Approval in Baltics for AirFluSal Forspiro

Vectura Group has announced that its partner Sandoz has been granted marketing authorisation by the pharmaceutical regulatory authorities in Estonia, Latvia and Lithuania for AirFluSal Forspiro, an innovative new inhaler for patients with asthma and/or chronic obstructive pulmonary disease (COPD).

These latest marketing authorisations by the three Baltic states, which are members of the European Union (EU), mean that AirFluSal Forspiro has now been approved in a total of 13 European countries, as well as South Korea and Mexico. The product has been launched in five countries to date, including South Korea.

The three Baltic states all approved AirFluSal Forspiro in the 50–250 and 50–500 µg dosage forms.

AirFluSal Forspiro offers the proven combination of salmeterol (a long-acting inhaled beta-2 agonist) and fluticasone propionate (an inhaled corticosteroid) in an innovative new device. The product's safety, efficacy and equivalence have been proven in multiple clinical trials.

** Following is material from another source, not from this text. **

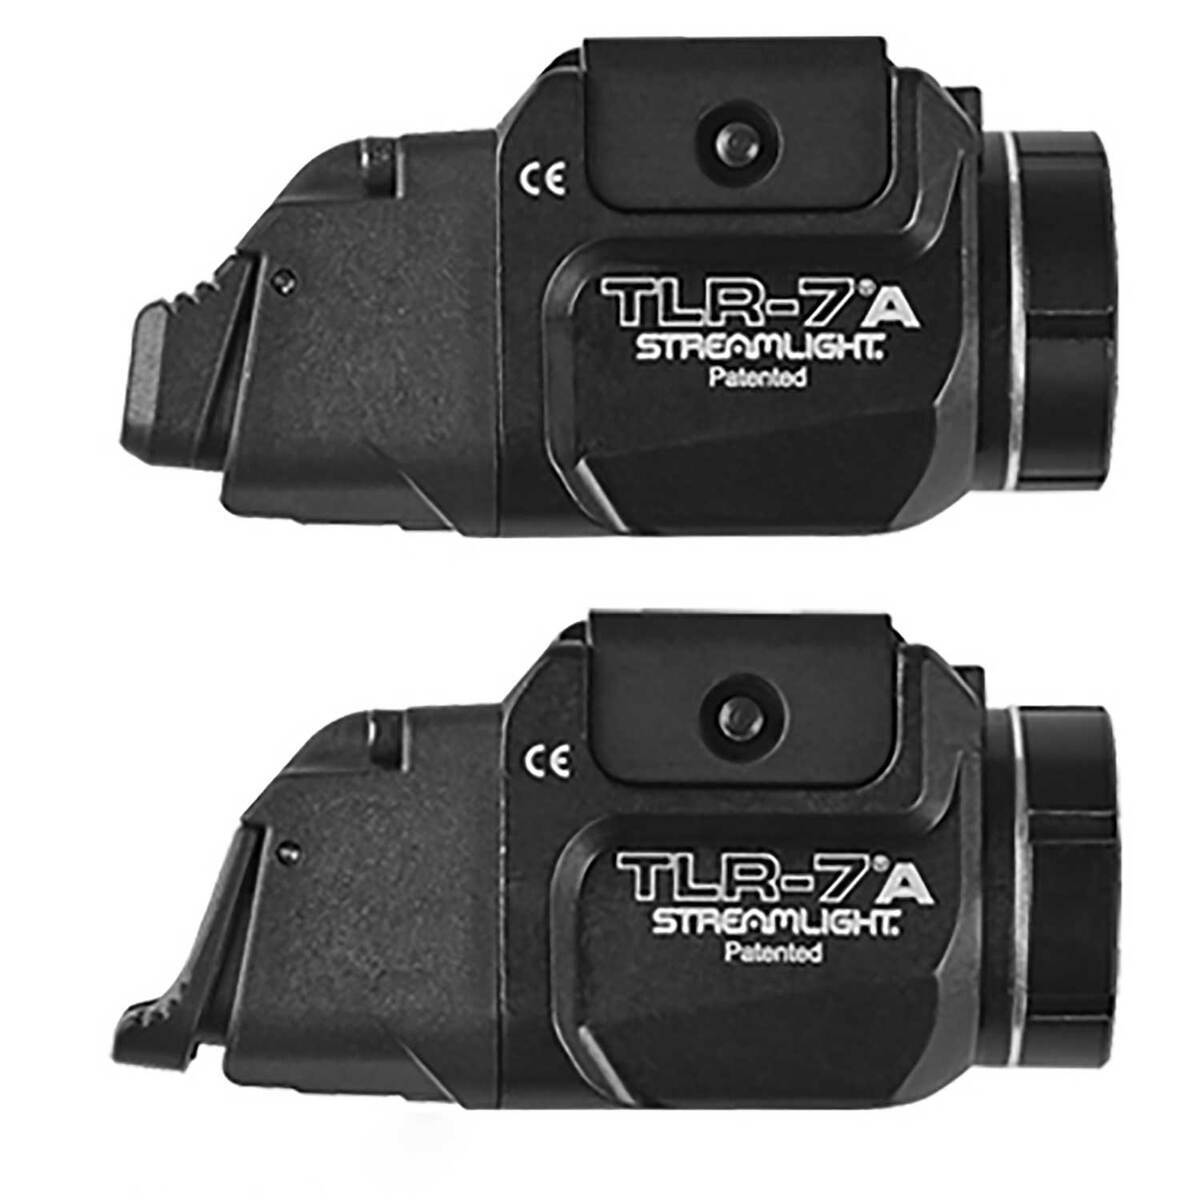 TLR-7A Gun Light with Rear Switch | Sportsman's Warehouse

Vectura initially developed the VR315 product and created the design of the innovative inhaler, before licensing the asset to Sandoz in 2006. It was subsequently developed in collaboration with Vectura as AirFluSal Forspiro by Aeropharm GmbH in Rudolstadt, Germany, Sandoz's global respiratory Center of Excellence. The innovative and intuitive-to-use design of the inhaler was awarded the Red Dot Product Design award in 2011, an internationally recognised quality seal awarded by the Design Zentrum Nordrhein Westfalen in Essen, Germany.

The device includes multiple feedback mechanisms such as visual control features, which help reassure the patient about dosing, a simple lever arm to load the dose, and clear and accurate feedback on remaining available doses.